■ EXERCISE DESCRIPTION ■
Drop the pictures and repeat the remaining data exactly.

■ DATASET CONTENT ■
╭──

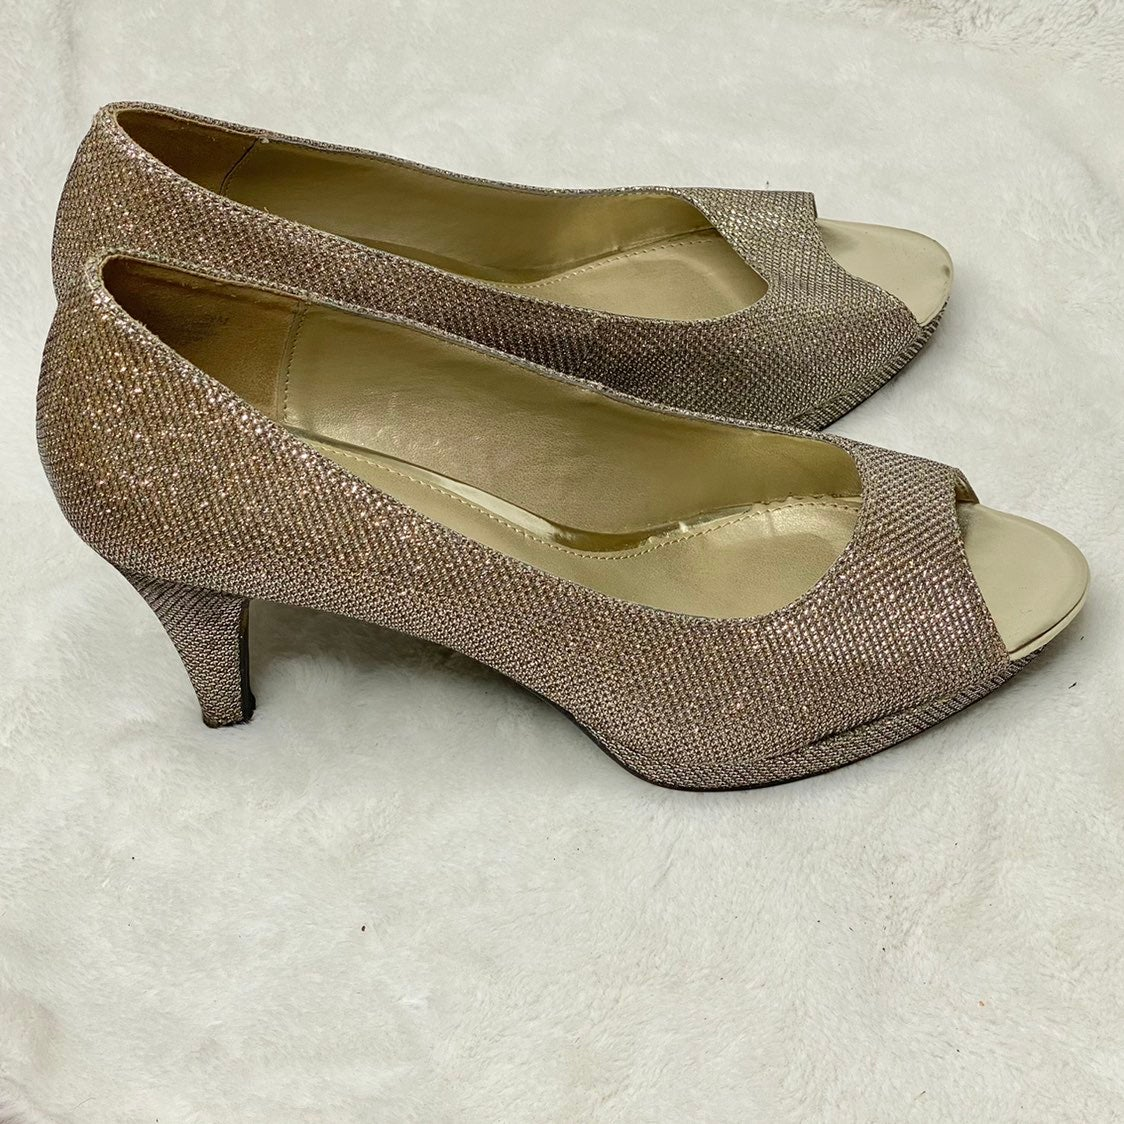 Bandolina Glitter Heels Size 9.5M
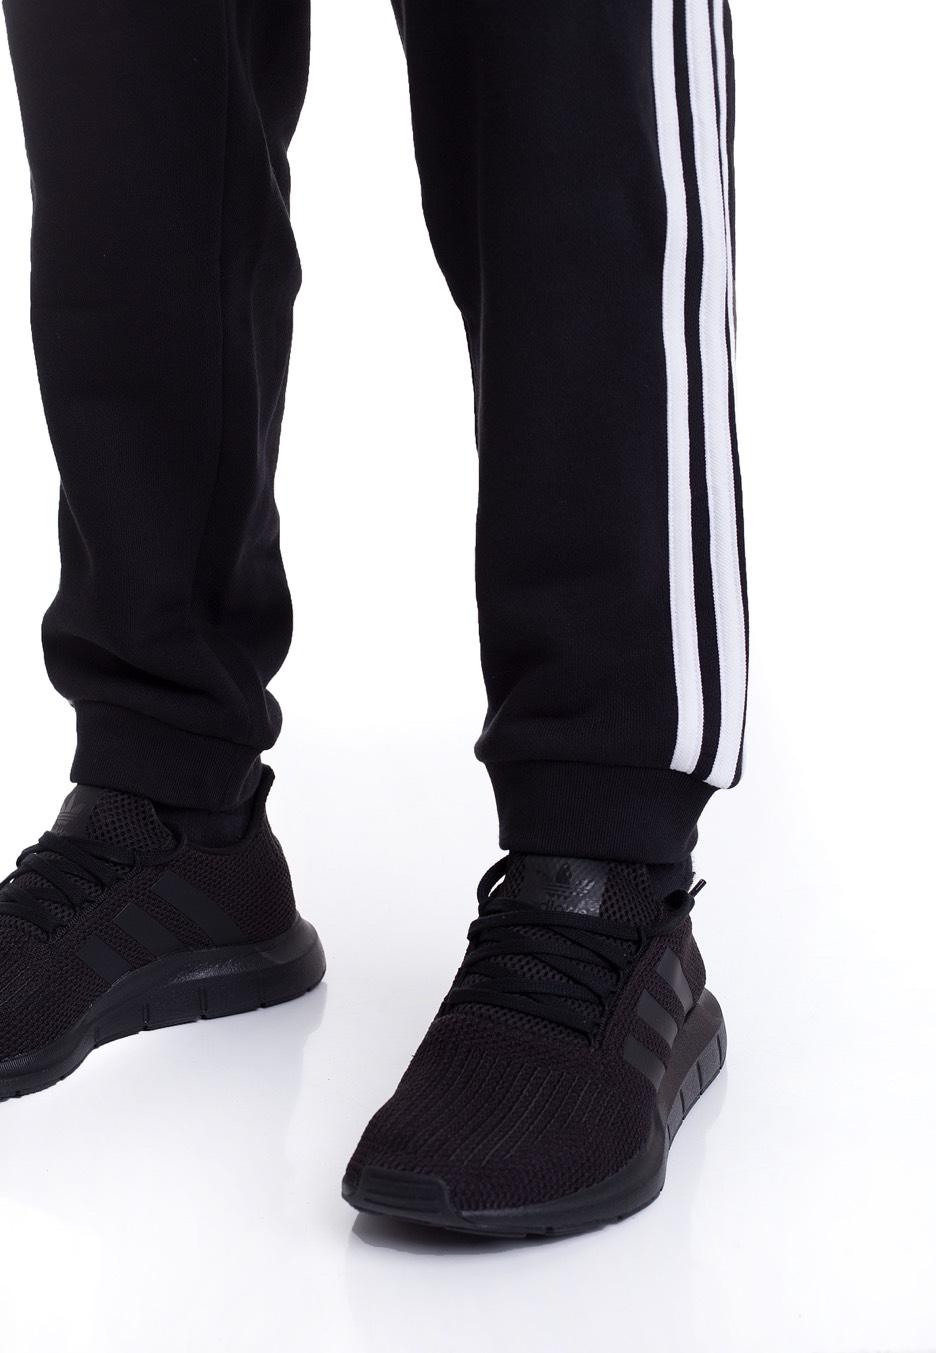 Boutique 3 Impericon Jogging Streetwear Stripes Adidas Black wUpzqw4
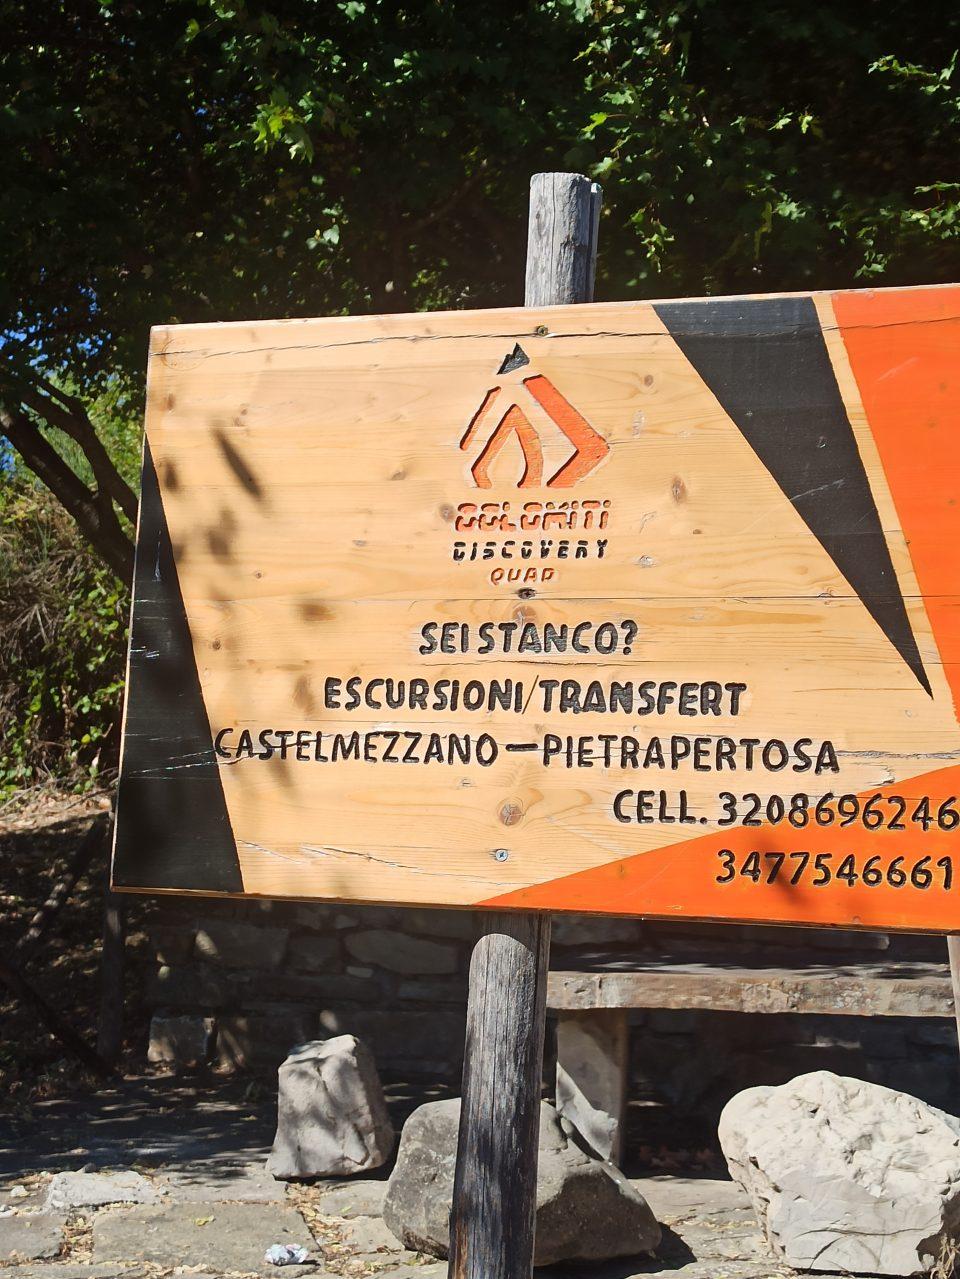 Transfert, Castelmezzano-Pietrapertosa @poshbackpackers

╰──

■ WORKED SOLUTION ■
 Bandolina Glitter Heels Size 9.5M
 Boutique 3 Impericon Jogging Streetwear Stripes Adidas Black wUpzqw4
 Transfert, Castelmezzano-Pietrapertosa @poshbackpackers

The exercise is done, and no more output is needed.